See IBM's model card for training data, intended use, and upstream evaluation methodology.
Licensed Apache-2.0. Ported from upstream commit
99a4df9,
pinned 2026-05-24 (single-file modeling_granite_speech_nar.py snapshot —
the README's canonical inference target).
| Quantization | Download | Size | WER (LibriSpeech test-clean) |
|---|---|---|---|
| BF16 | granite-speech-4.1-2b-nar-BF16.gguf | 4.20 GB | 1.29% |
| F16 | granite-speech-4.1-2b-nar-F16.gguf | 4.21 GB | 1.29% |
| Q8_0 | granite-speech-4.1-2b-nar-Q8_0.gguf | 2.33 GB | 1.29% |
| Q6_K | granite-speech-4.1-2b-nar-Q6_K.gguf | 1.84 GB | 1.29% |
| Q5_K_M | granite-speech-4.1-2b-nar-Q5_K_M.gguf | 1.66 GB | 1.25% |
| Q4_K_M | granite-speech-4.1-2b-nar-Q4_K_M.gguf | 1.45 GB | 1.35% |
WER measured on the full LibriSpeech test-clean split (2620 utterances).
BF16 reference baseline (transformers model.transcribe, MPS, re-run
locally): 1.28% — matches the upstream model card's 1.29% to within
sampling noise. Text normalizer: Whisper EnglishTextNormalizer. F16,
Q8_0, and Q6_K all score the same 1.29% as BF16 — the editor is very
robust to weight quantization down through Q5_K_M, where the WER
actually dips slightly (1.25%, within overlapping 95% CI of REF).
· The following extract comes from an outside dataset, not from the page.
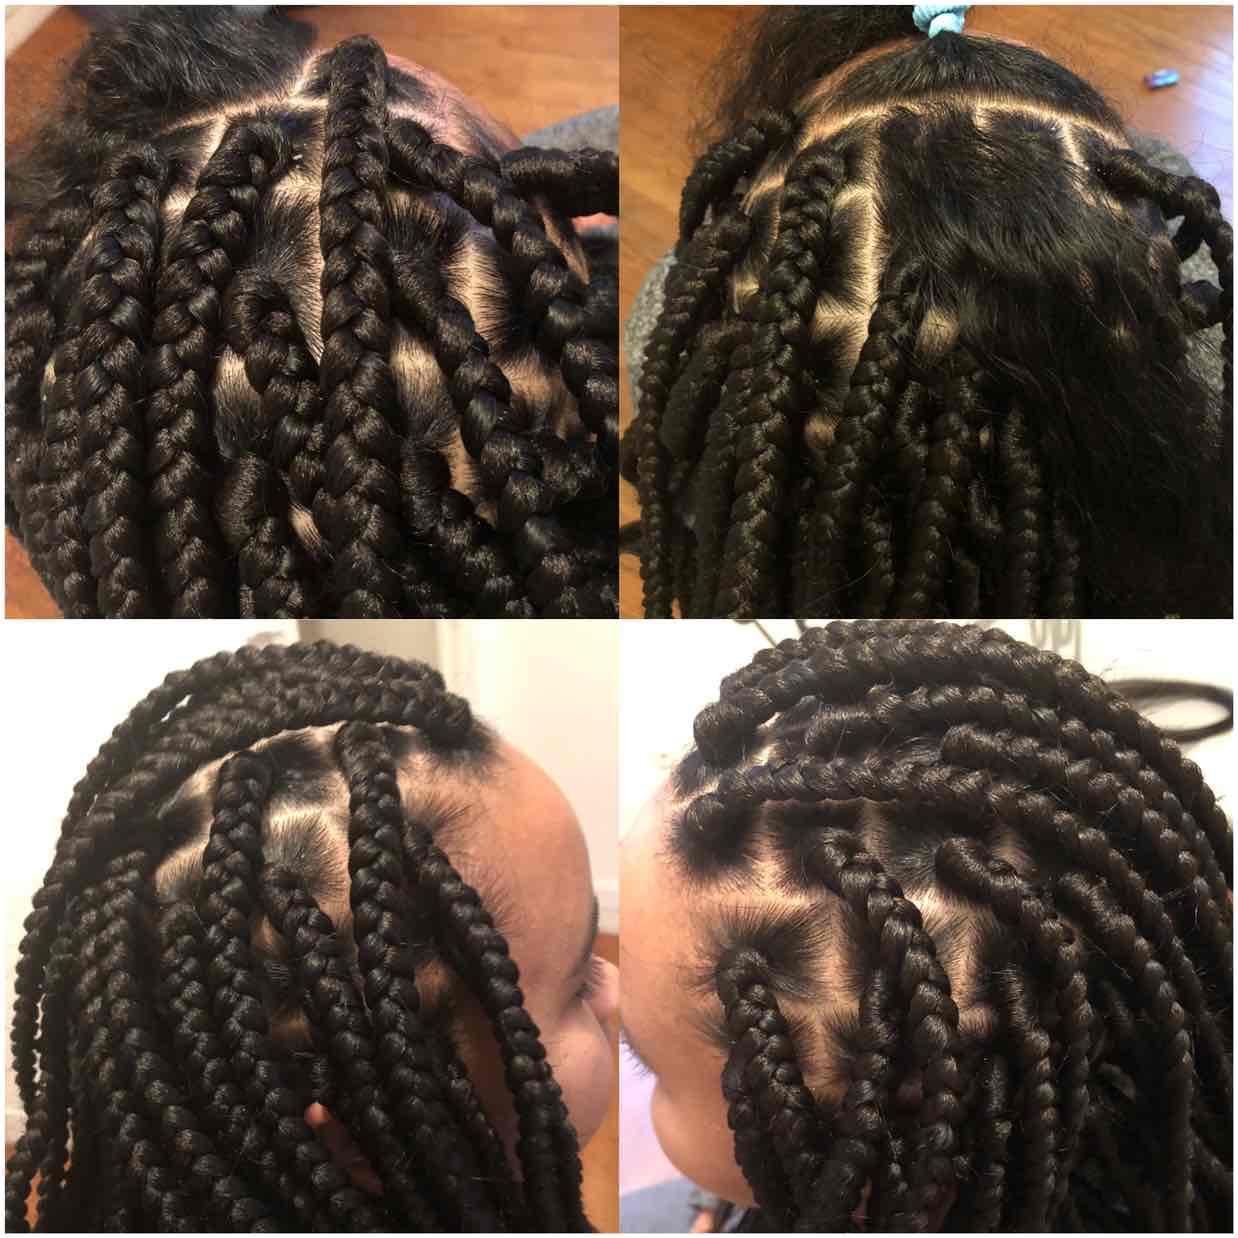 salon de coiffure afro tresse tresses box braids crochet braids vanilles tissages paris 75 77 78 91 92 93 94 95 AECWTEHM

Reference reproduction follows the model card path verbatim
(AutoProcessor + AutoModel.transcribe + processor.batch_decode)
at HF revision 99a4df9; the older snapshot's bidirectional-mask patch
is obsolete in this snapshot.
cmake -B build
cmake --build build
build/bin/transcribe-cli \
-m models/granite-speech-4.1-2b-nar/granite-speech-4.1-2b-nar-Q8_0.gguf \
samples/jfk.wavIf your audio is not already 16 kHz mono WAV, convert it first:
ffmpeg -i input.mp3 -ar 16000 -ac 1 output.wavNAR is single-task ASR; there is no --translate flag or --timestamps
mode for this variant. The --language flag is accepted but ignored — the
editor handles language detection implicitly.
Cells are wall-clock latency, with speedup over realtime in parentheses. NAR is faster than the AR variants on GPU backends because there is no autoregressive step loop — a single bidirectional forward through 40 LLM layers replaces the per-token decode graph.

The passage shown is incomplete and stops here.